Try it
At the line containing "An infographic of", begin an exact copy of the lines below and continue through the final one, with no pictures.

Dataset section
----
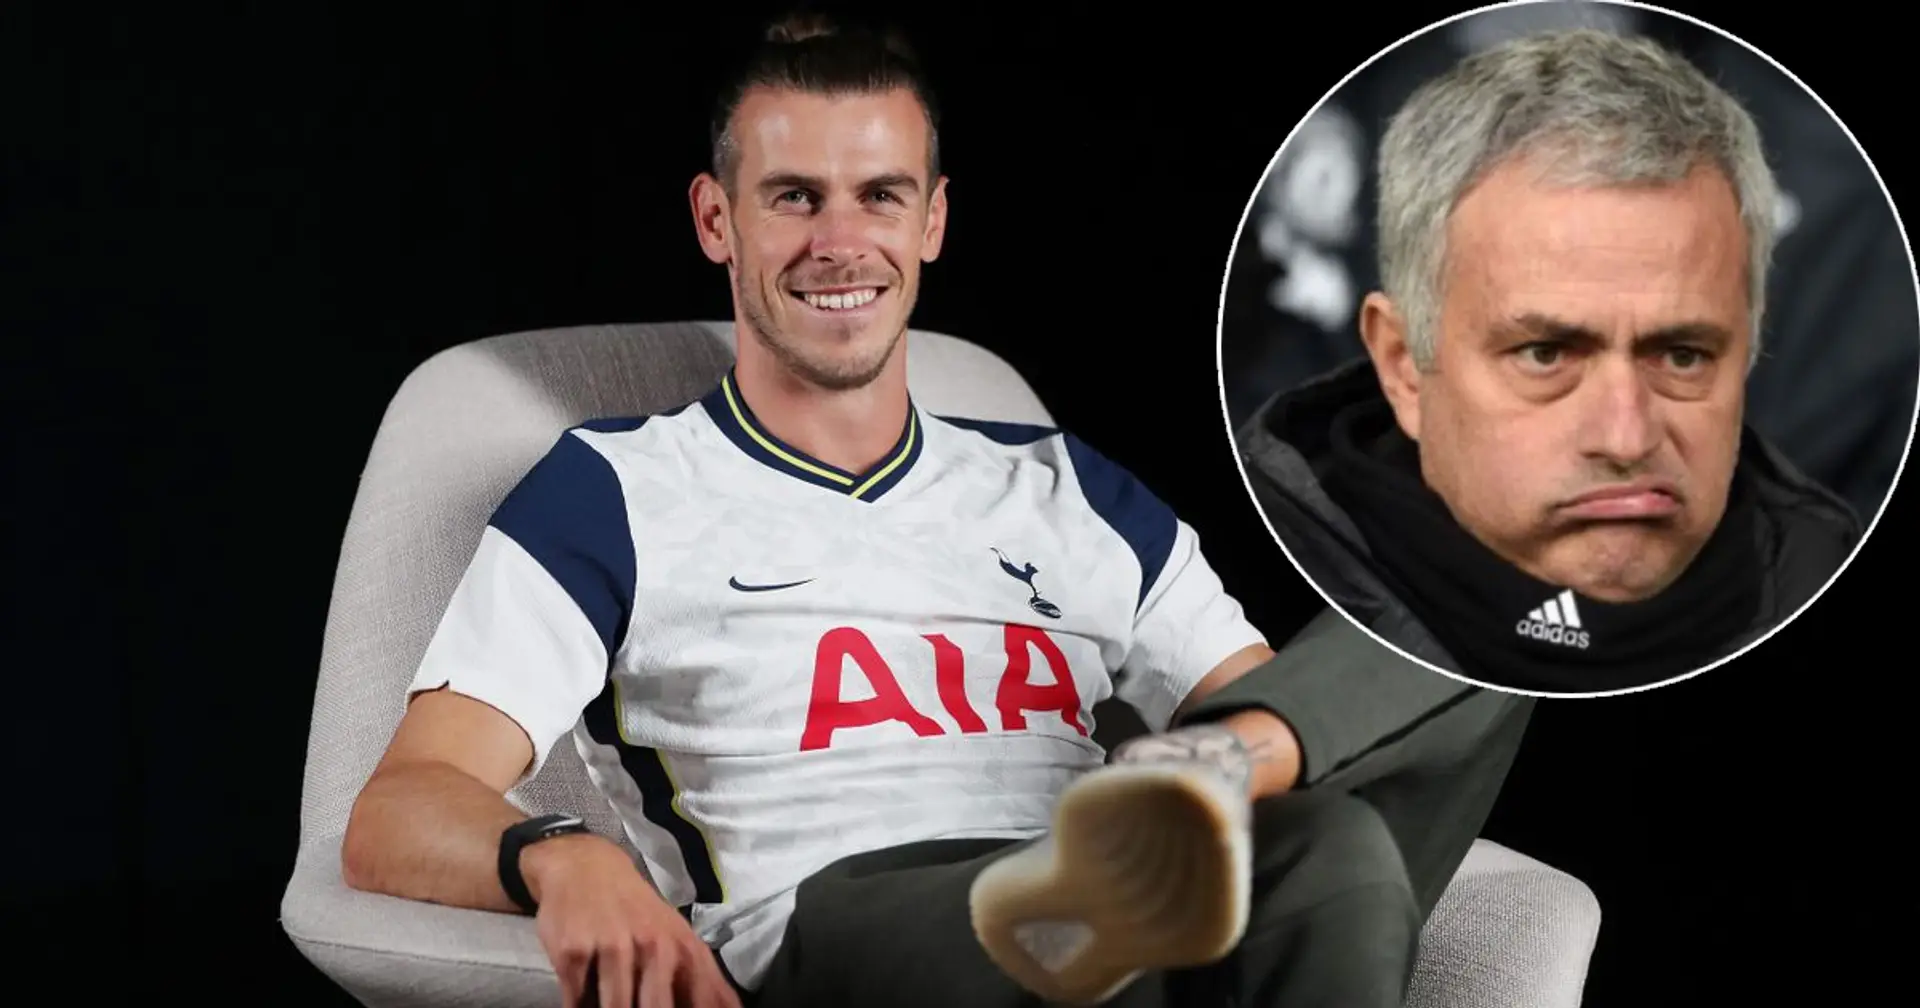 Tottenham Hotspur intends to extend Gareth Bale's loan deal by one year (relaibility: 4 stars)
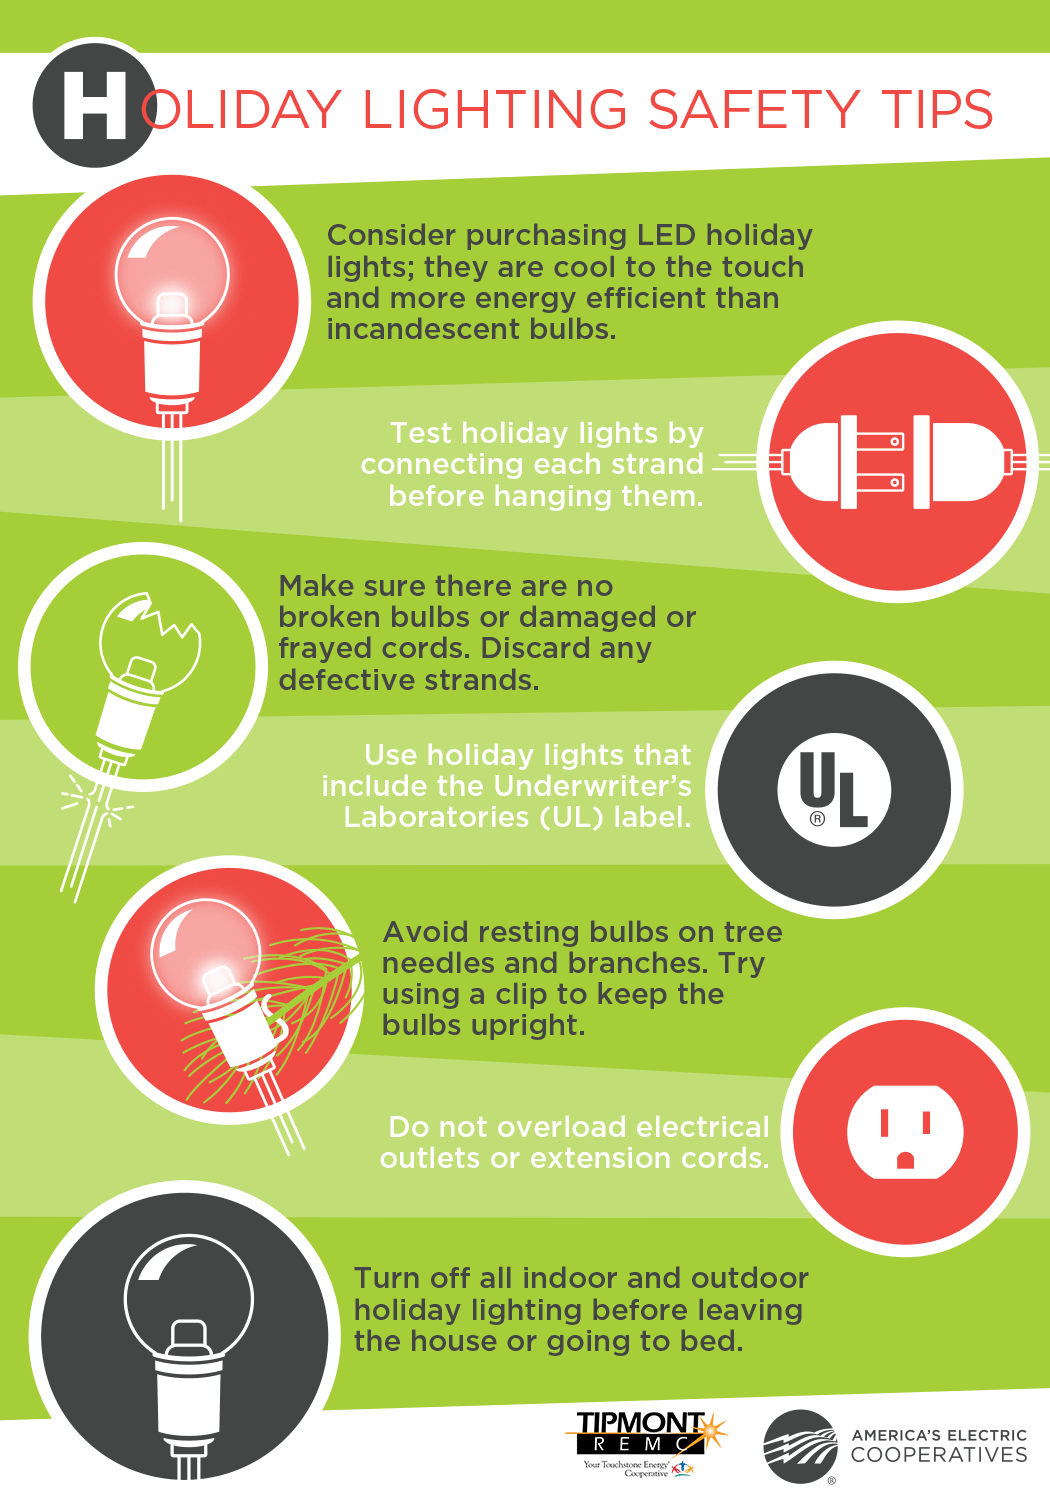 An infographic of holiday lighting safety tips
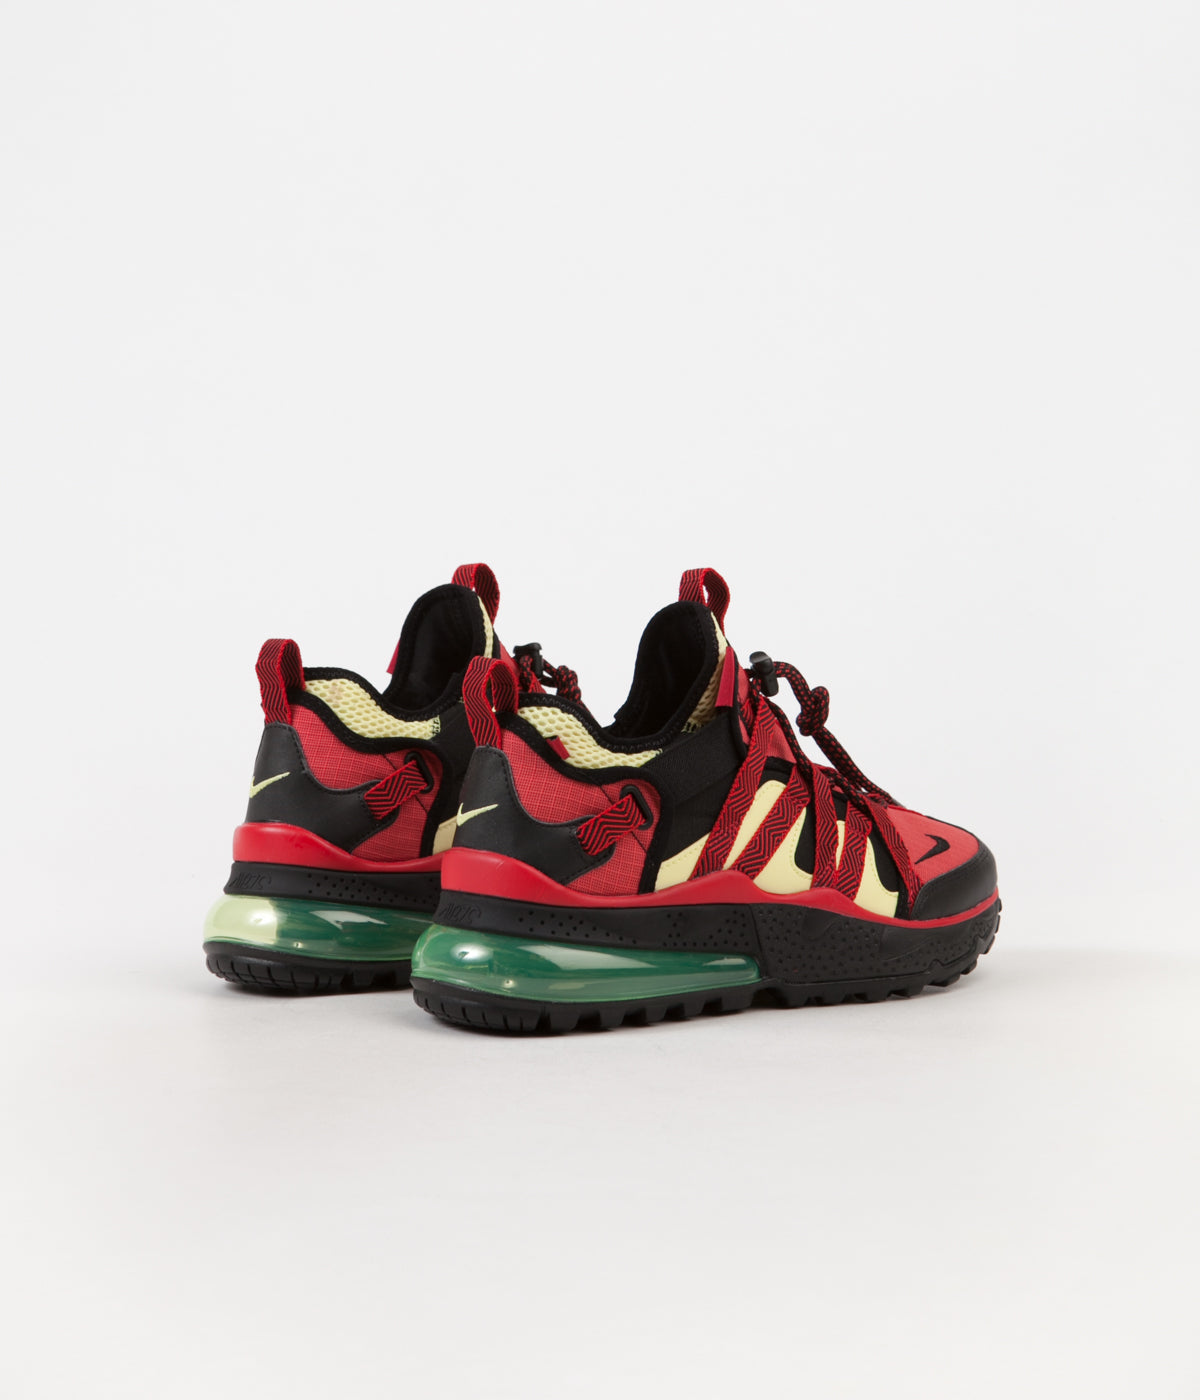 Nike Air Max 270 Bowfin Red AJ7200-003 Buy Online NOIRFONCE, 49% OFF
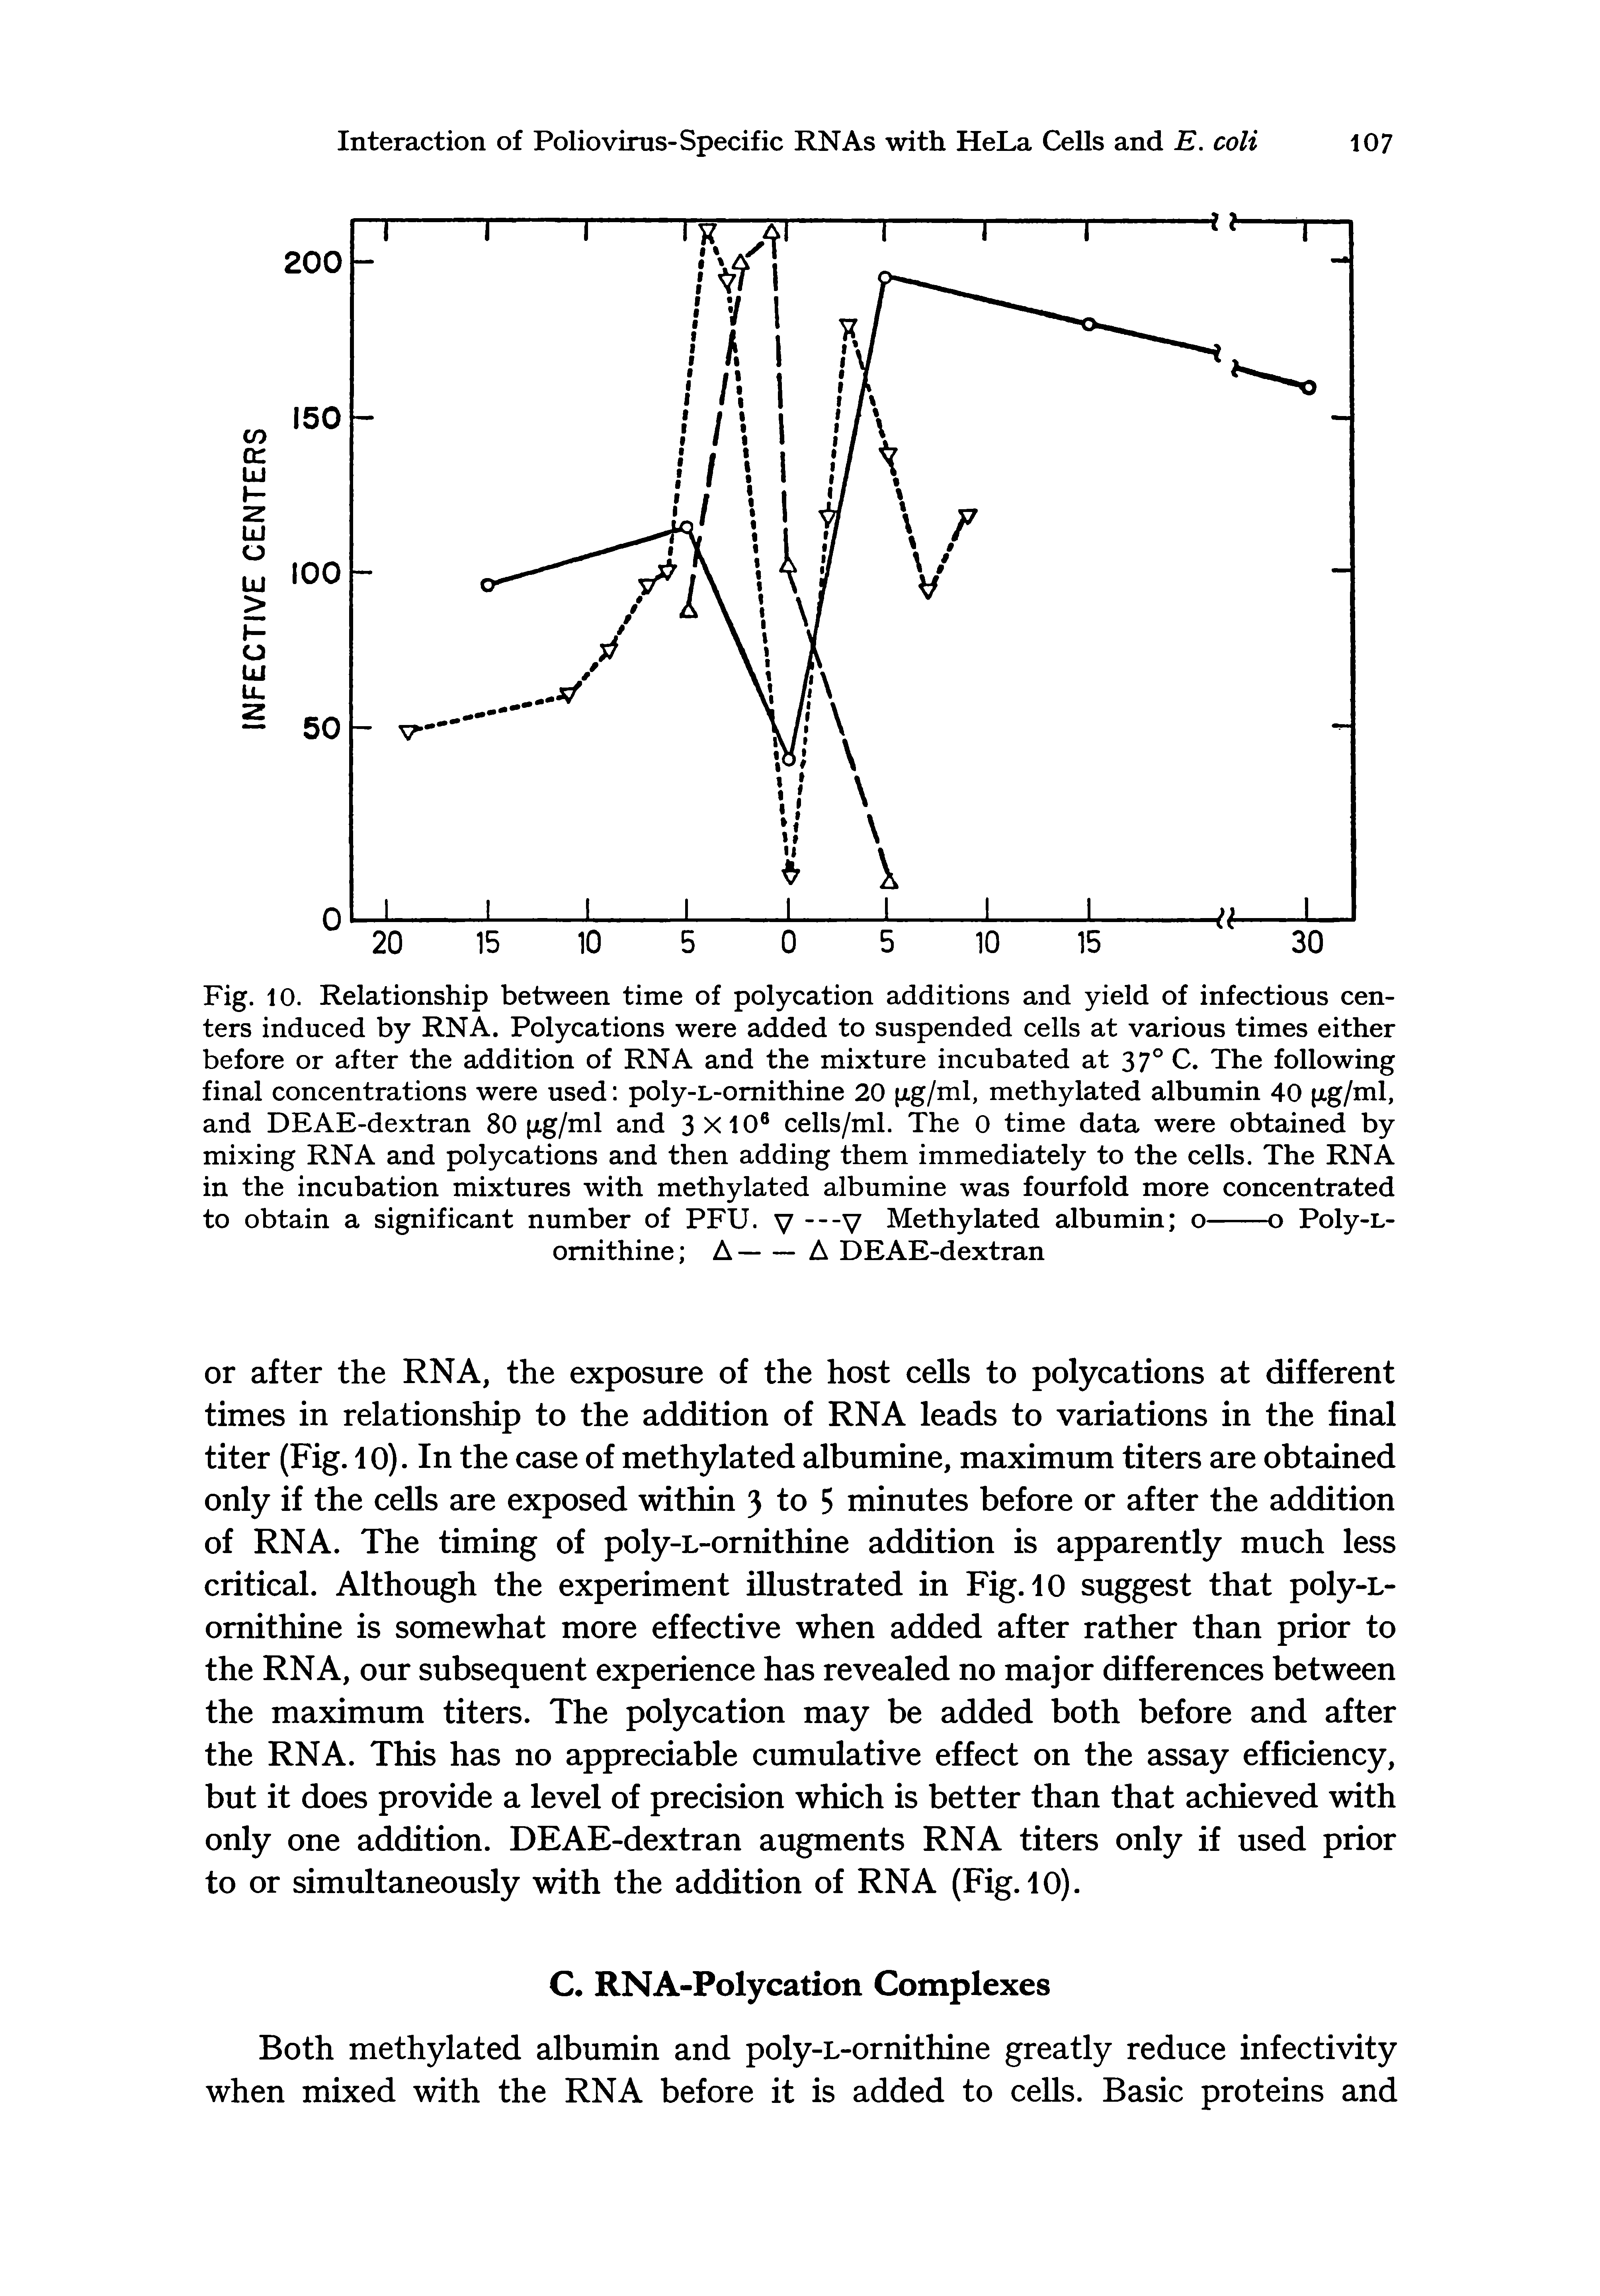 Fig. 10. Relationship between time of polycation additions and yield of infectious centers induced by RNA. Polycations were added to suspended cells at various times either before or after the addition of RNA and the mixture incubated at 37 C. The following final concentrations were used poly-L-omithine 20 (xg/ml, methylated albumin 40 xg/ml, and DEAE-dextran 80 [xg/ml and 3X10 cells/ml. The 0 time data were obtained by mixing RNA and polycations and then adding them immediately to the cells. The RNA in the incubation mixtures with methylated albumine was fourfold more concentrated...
----
Response to this task
 An infographic of holiday lighting safety tips
 Nike Air Max 270 Bowfin Red AJ7200-003 Buy Online NOIRFONCE, 49% OFF
 Fig. 10. Relationship between time of polycation additions and yield of infectious centers induced by RNA. Polycations were added to suspended cells at various times either before or after the addition of RNA and the mixture incubated at 37 C. The following final concentrations were used poly-L-omithine 20 (xg/ml, methylated albumin 40 xg/ml, and DEAE-dextran 80 [xg/ml and 3X10 cells/ml. The 0 time data were obtained by mixing RNA and polycations and then adding them immediately to the cells. The RNA in the incubation mixtures with methylated albumine was fourfold more concentrated...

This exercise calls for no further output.